- _Task goal_: All of the data below must be reproduced word for word, but without its images.
##### Available data
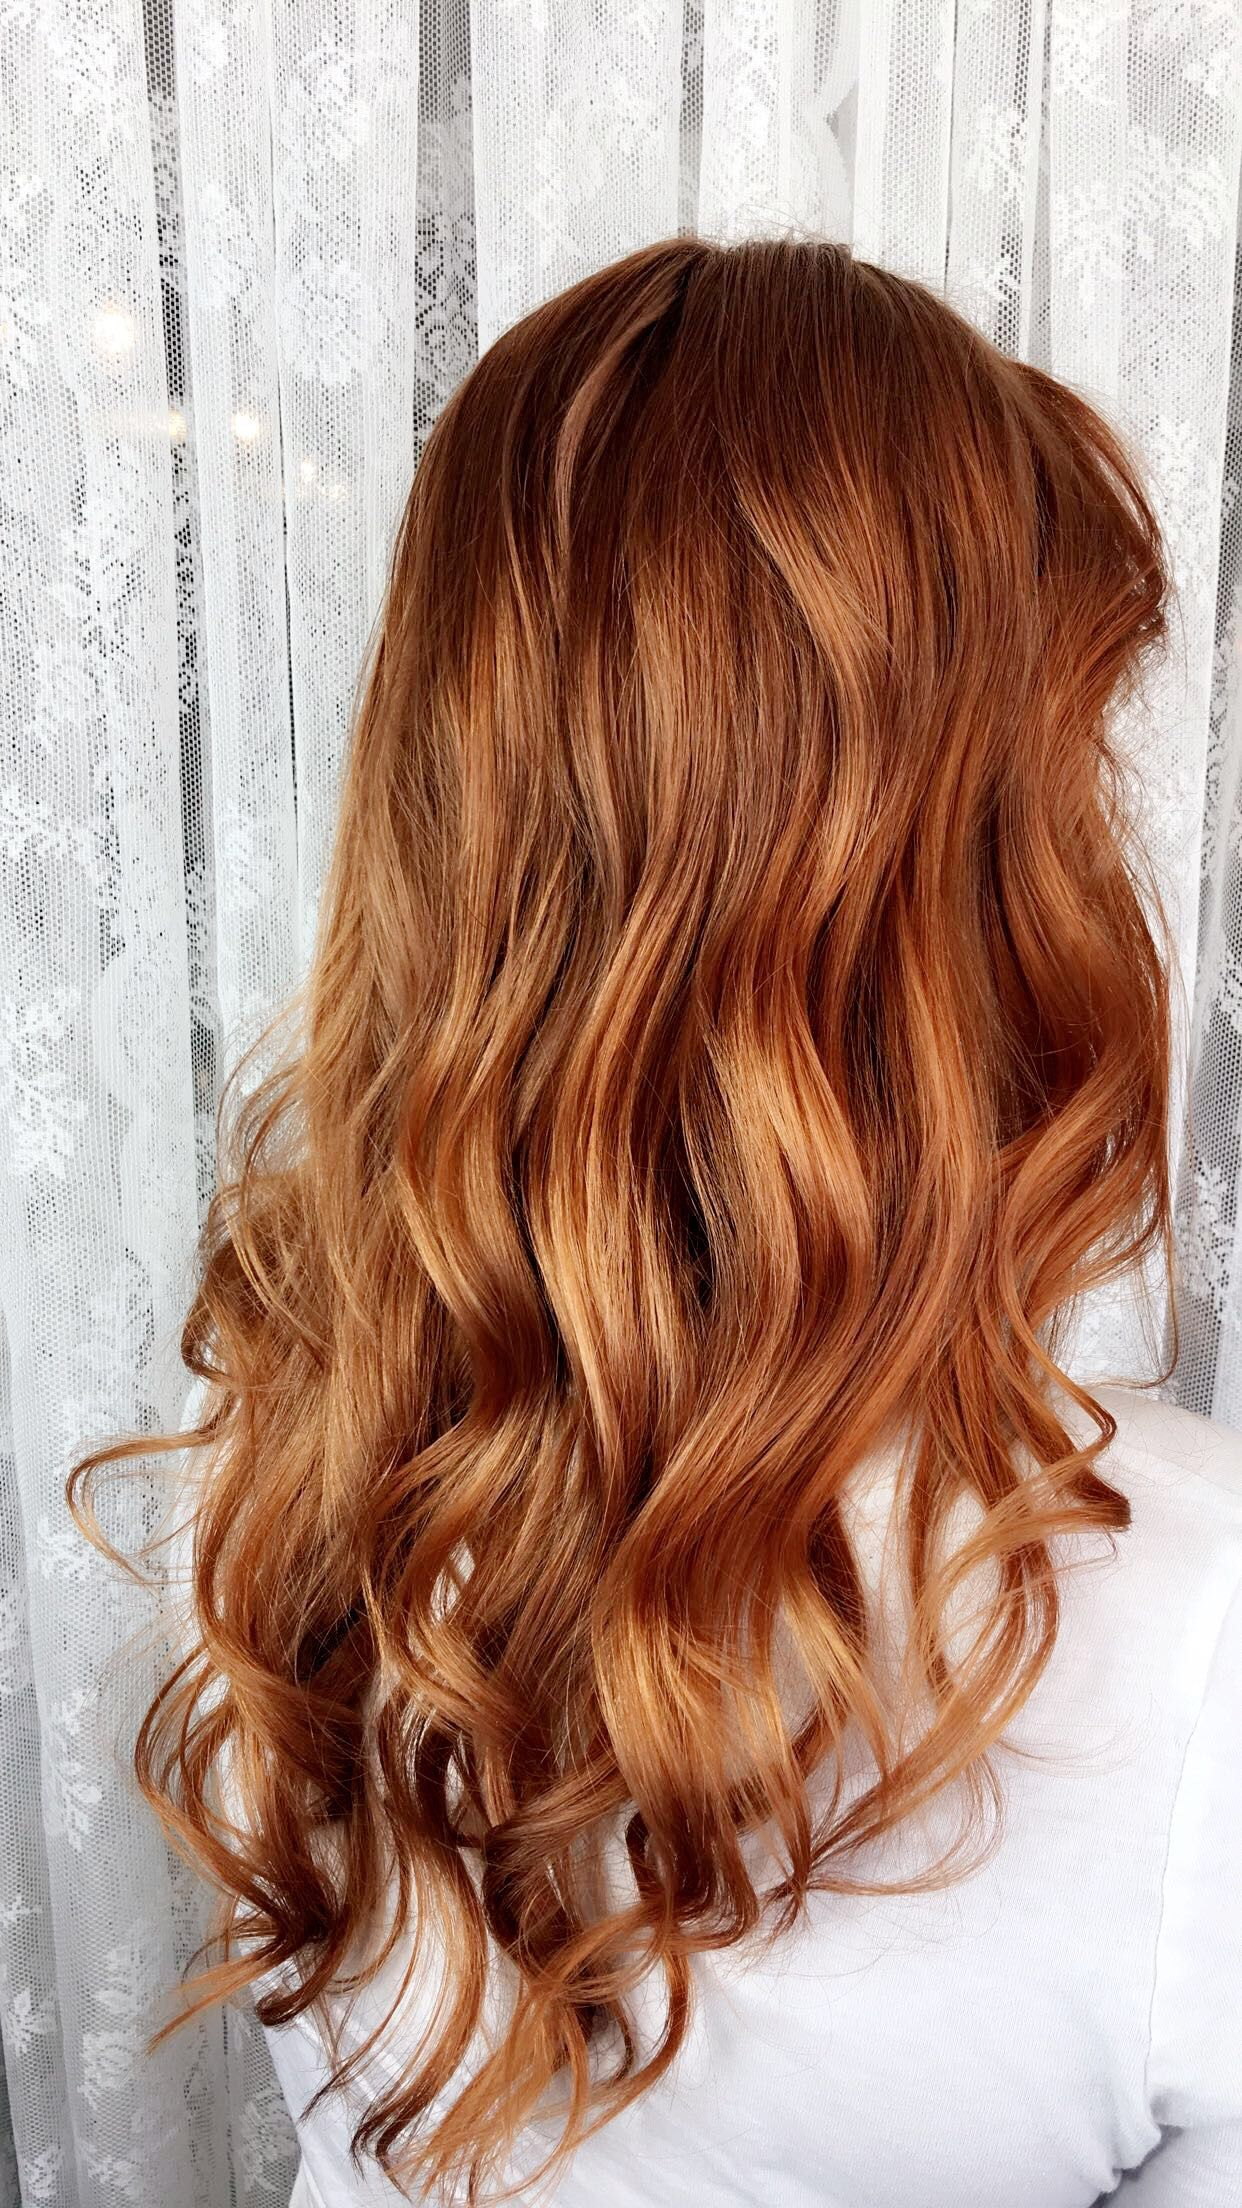 Pin By Blonde Hairstyles On Blonde Hairstyles Medium Pinterest
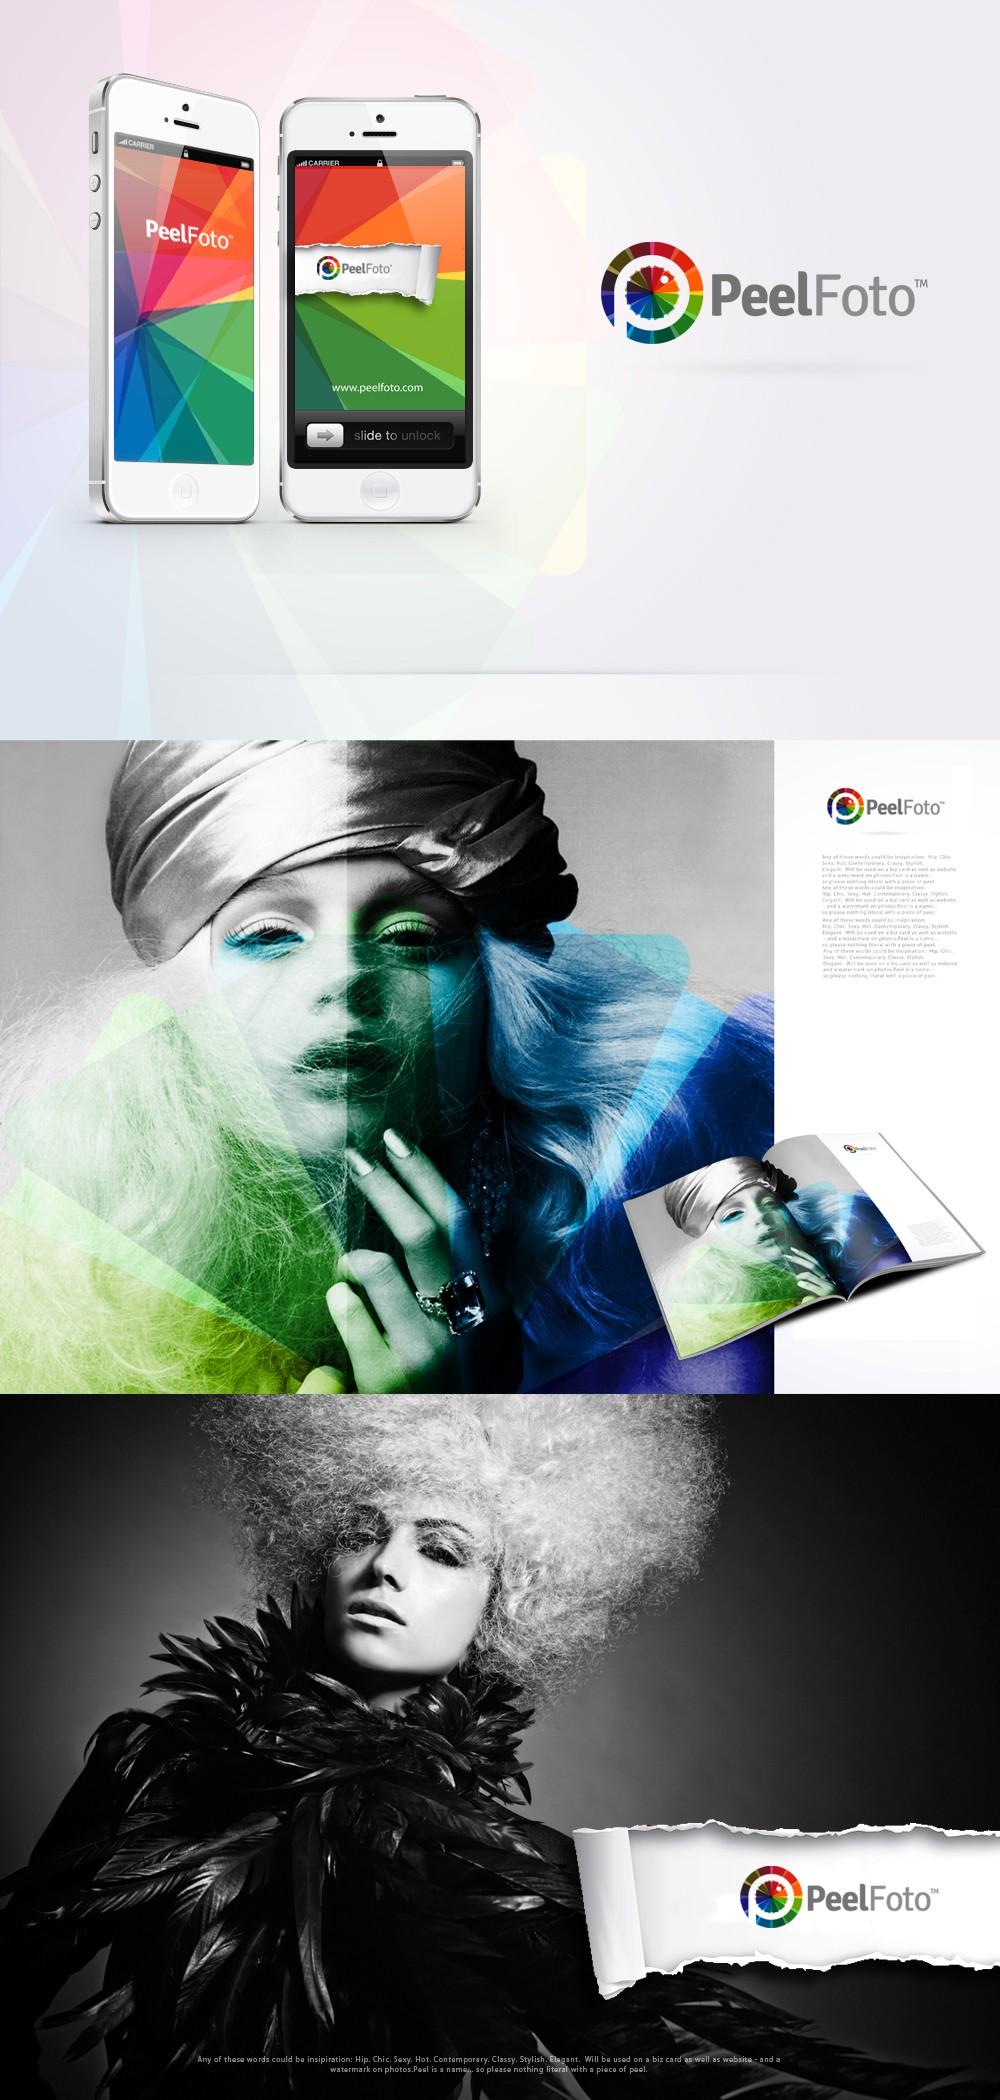 Create the next logo for PeelFoto or Peel Foto
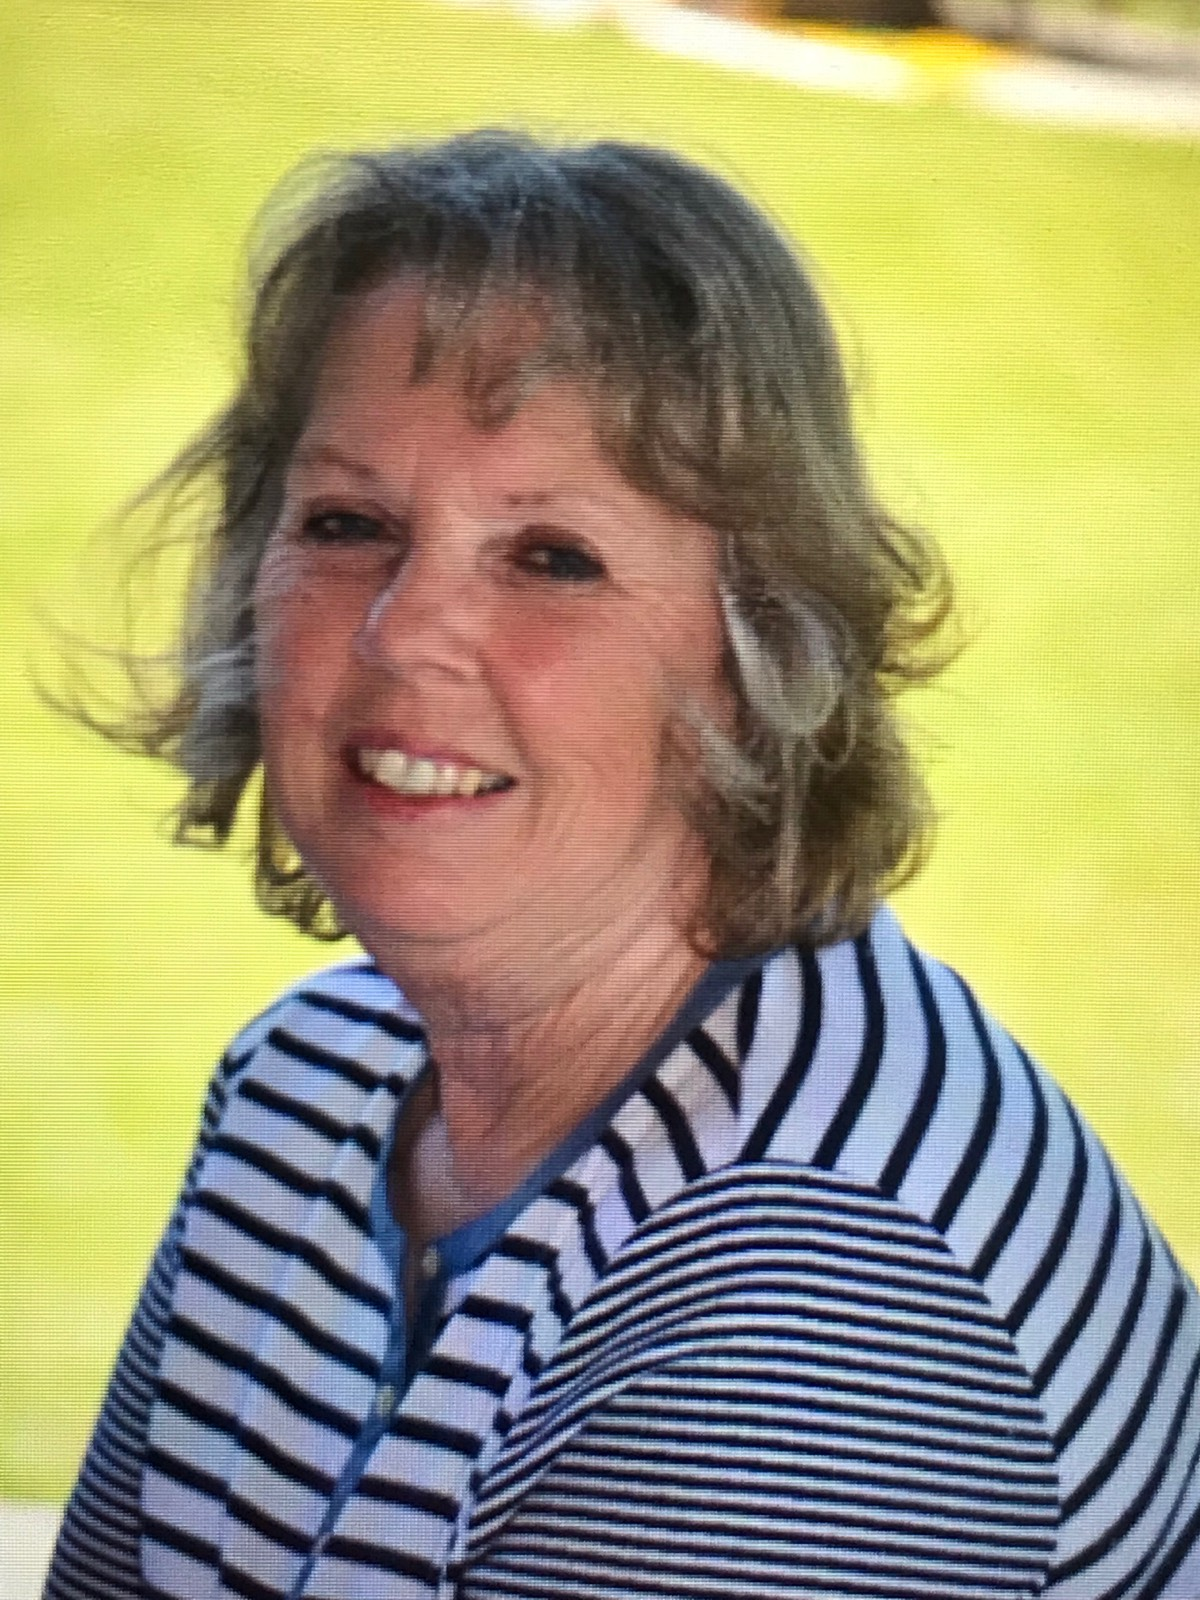 Connie Soule, 67, Harrisburg
##########
- _Output for this exercise_:
 Pin By Blonde Hairstyles On Blonde Hairstyles Medium Pinterest
 Create the next logo for PeelFoto or Peel Foto
 Connie Soule, 67, Harrisburg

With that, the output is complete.